Ah ! tu comptais sans moi, Divinité funeste,
Lorsque tu façonnais le premier couple humain,
Et que dans ton Éden, sous ton regard céleste,
Tu l’enfermas jadis au sortir de ta main.
Je n’eus qu’à le voir là, languissant et stupide,
Comme un simple animal errer et végéter,
Pour concevoir soudain dans mon âme intrépide
L’audacieux dessein de te le disputer.
Quoi ! je l’aurais laissée, au sein de la nature,
Sans espoir à jamais s’engourdir en ce lieu ?
Je l’aimais trop déjà, la faible créature,
Et je ne pouvais pas l’abandonner à Dieu.
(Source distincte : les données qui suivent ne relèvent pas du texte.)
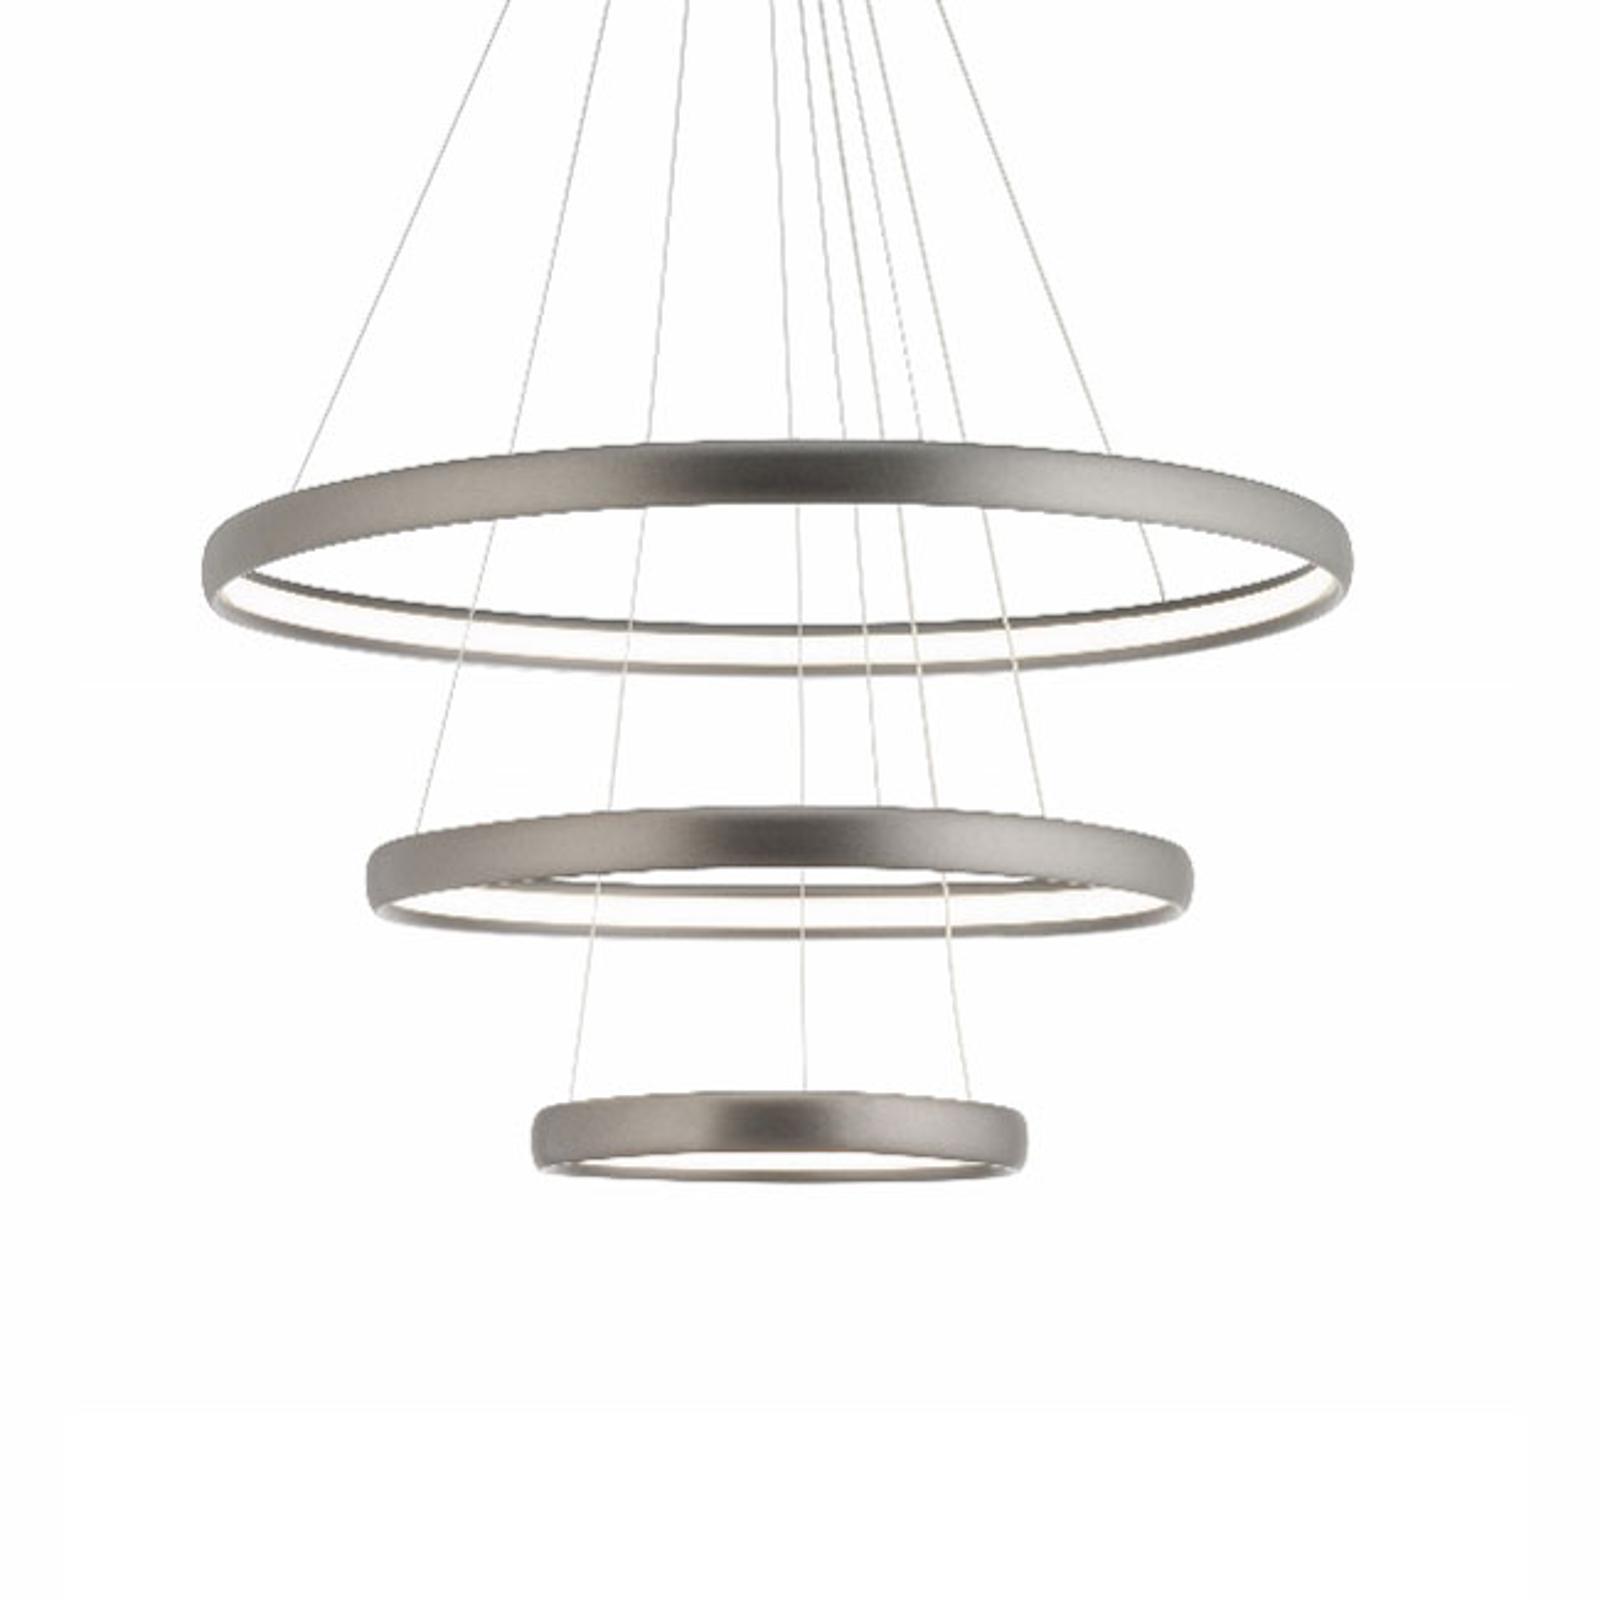 Lampa wisząca LED Trinity z aluminium, srebrna

Contre ta volonté, c’est moi qui l’ai fait naître,
Le désir de savoir en cet être ébauché ;
Puisque pour s’achever, pour penser, pour connaître,
Il fallait qu’il péchât, eh bien ! il a péché.
Il le prit de ma main, ce fruit de délivrance,
Qu’il n’eût osé tout seul ni cueillir ni goûter :
Sortir du fond obscur d’une éroite ignorance,
Ce n’était point déchoir, non, non ! c’était monter.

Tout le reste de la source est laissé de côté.